SÛFÎ VE MANEVÎ HAREKET İHRAMCIZÂDE İSMAİL HAKKI TOPRAK (K.S.) ÖRNEĞİ
Sûfîler zaman zaman tembellik veya çevrelerine duyarsızlıkla itham edilseler de meselenin özüne insafla bakıldığında durumun hiç de öyle olmadığı görülecektir. Tasavvufî sistem, sûfîyi/dervişi ömür boyu süren bir hareket içerisinde tutabilmek bir başka ifadeyle bilinçli ve duyarlı bir hayat yaşamaya yönelik kurallar manzumesi olarak tesis edilmiştir. Tasavvuf; nefs, şeytan, dünya ve şeytanlaşmış insanlarla mücadele, zikir, tefekkür, halvet, celvet, rabıta, hal ve makamlar, güzel ahlak hassasiyeti ve diğer kavram ve uygulamalarıyla sûfîyi/dervişi gaflet ve tembellikten aksiyon ve kulluk bilincine ulaştırmayı hedeflemiştir. Sûfîlerin özellikle nefislerini ıslah için dayanağını Hz. Peygamber (s.a.v.)’in Hira Mağarası’nda kendini ve çevresini anlamak ve anlamlandırmak gayesiyle gerçekleştirdiği tefekkür sürecinden alan ‘Halvet’ uygulamaları dolayısıyla toplumdan el-etek çektikleri yönünde eleştirildiklerini görürüz. Yine onlar, sadece kendileriyle meşgul oldukları nefs mücadelesi adı altında bir başkasıyla veya toplumla ilgilenmedikleri gibi eleştirilere maruz kaldıkları da olmuştur. Hâlbuki halvet süreci sûfîler için geçici bir süreçtir ve onlar bir tırtılın kozası içerisinden kelebek olarak çıktığı gibi maddî ve manevî bir değişim için halveti şart görmüşlerdir. Bu uygulama dolayısıyla sûfîleri eleştirenlerin Hz. Musa (a.s.)’nın Tur Dağı’na gidişi ve insanlardan bir müddet uzaklaşmasını açıklamakta zorlandıkları görülmektedir. Sûfîlerin, nefisleriyle yoğun bir mücadele içerisinde oldukları doğrudur. Ancak onların bu mücadeleleri hiçbir zaman dünyadan ele-tek çekme noktasına gelmemiş, onları çevrelerine karşı duyarsızlaştırmamıştır. Sözgelimi, seksen yaşları civarında Sivas’tan Eğri Kalesi’ne Müslüman kardeşlerinin sıkıntılarını gidermek için giden Şems-i Sivasî (k.s.); Libya’daki İtalya işgaline müritleriyle birlikte direnen Şeyh Ahmed Senûsî (k.s.); Fransızlara karşı mücadele eden Muhammed Emin el-Zeynî el-Kalkamî (k.s.), Rus işgaline karşı ‘Müridizm’ hareketiyle onurlu bir direniş sergileyen İsmail-i Şirvanî (k.s.), Hamza Nigarî (k.s.) ve Şeyh Şamil (k.s.); Sivas Mebusu olarak ilk mecliste görev yapan Mustafa Takî Efendi ve millî mücadelenin manevî mimarları dönemlerine/çevrelerine olan duyarlılıklarıyla bu önemli mücadeleleri gerçekleştirmemişlerdir.1
Aksiyon İnsanı Bir Gönül Üstadı: İhramcızâde İsmail Hakkı Toprak (k.s.)

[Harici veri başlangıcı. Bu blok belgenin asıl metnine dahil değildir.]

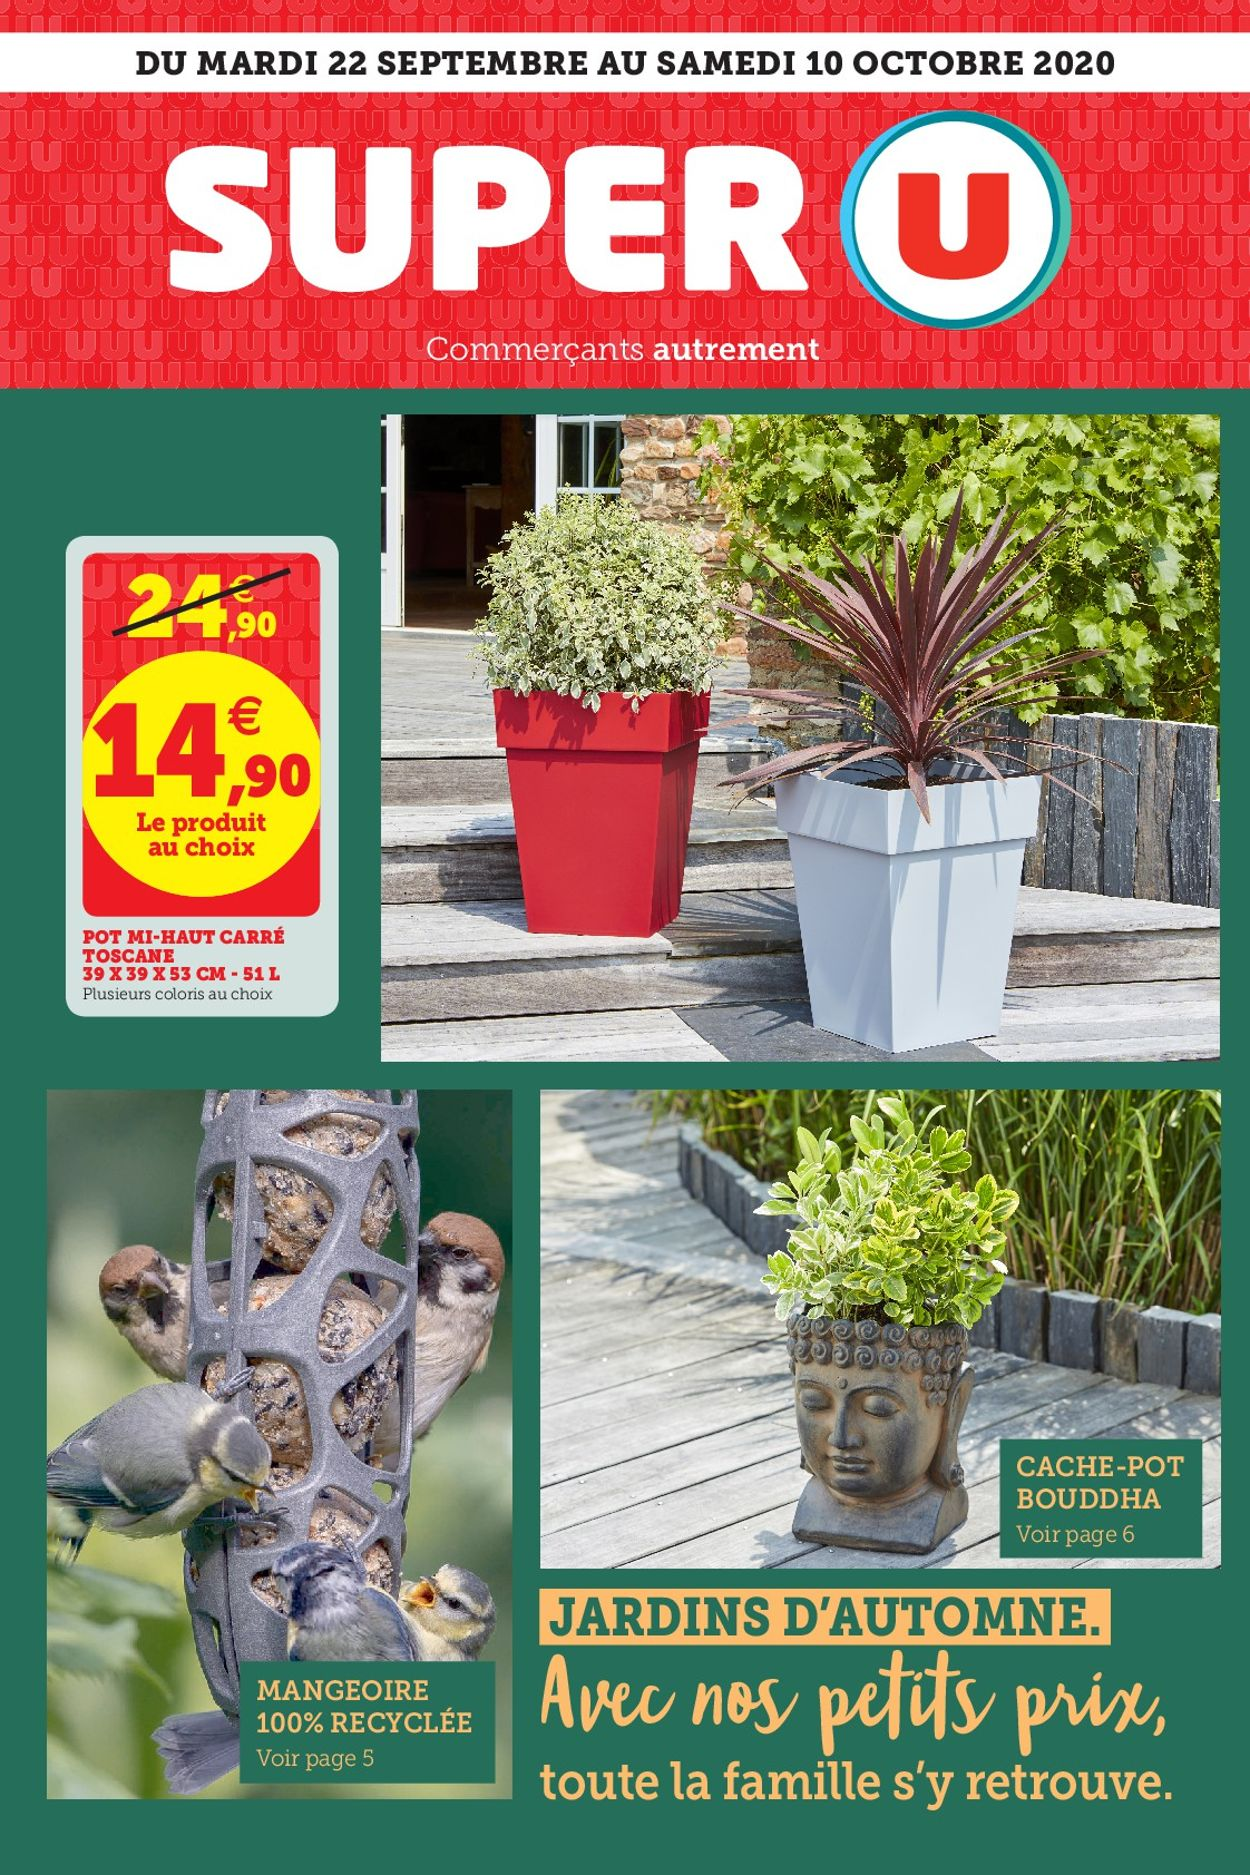 Magasins U Catalogue - 22.09-10.10.2020

‘Efendi Hazretleri’ veya ‘Pir Efendi’ şeklinde başta Sivas olmak üzere Anadolu’nun birçok yerinde büyük bir sevgi ve özlemle anılan İsmail Hakkı Toprak (k.s.) Hazretleri, yukarıda özellikleri sıralanan aksiyon sahibi sûfîlerin son dönemdeki en önemli temsilcilerindendir. Kendileri ilk olarak eğitim süreci ve rızkını helalinden kazanma gayretiyle aktif bir hayatın temellerini atmıştır. Efendi Hazretleri, Sivas Rüştiyesi’ndeki eğitim-öğretim sürecinin ardından Sivas Çifte Minareli Medrese ve Gökmedrese’de yüksek tahsilini tamamlayarak memuriyet hayatına atılmıştır. İnhisar Memurluğu, Sivas Duyun-ı Umumiye Memurluğu ve kısa bir süre emlakçılık yaptıktan sonra 1931 yılında kendi isteği ile emekliye ayrılmıştır.
Yaratılana Yaratan’ın emaneti gözüyle bir başka ifadeyle şefkat gözüyle bakabilmenin izini süren İsmail Hakkı Efendi (k.s.), tabiri caizse, Anadolu’yu manevî tesiriyle mayalayan Yunus izinde bir ömür sürmüştür. Yaşadığı dönemin birçok sıkıntısına göğüs germek zorunda kalan İhramcızâde Hazretleri, inanç, ibadet ve ahlakî yozlaşmanın önüne geçebilmek için olağanüstü bir gayretin içerisinde kendisini bulmuştur. Yüzyıllardır Anadolu’nun Müslüman-Türk yurdu olduğunu simgeleyen camilere karşı takınılan olumsuz tavır ve bu tavrın neticesinde insanımızın dinine ve kimliğine yabancılaştığı bir dönemde camilere gösterdiği özenle İslâmî bir aksiyonun önemli bir temsilcisi olmuştur. Kabrinin de bulunduğu Sivas-Ulu Cami’nin 1956’da gerçekleştirilen büyük tamiratı belki de Efendi Hazretleri’nin hizmet anlayışını gözler önüne seren en büyük eseridir. İsmail Hakkı Efendi, Müslümanların dertleriyle dertlenmenin en büyük simgesi olarak döneminin şartları içerisinde atılması gereken en önemli adımı atmış ve Ulu Camii’nin aslî hüviyetine kavuşması için maddî-manevî bütün imkânlarını seferber etmiştir. Ulu Camii dernek başkanlığının yanı sıra aynı hassasiyetle Hoca İmam Camii minaresinin yapımı, Hayırseverler, Sofu Yusuf ve Serçeli Camii dernek başkanlıklarıyla bir şehrin hatta Anadolu’nun maddî ve manevî değişimine önayak olmuştur.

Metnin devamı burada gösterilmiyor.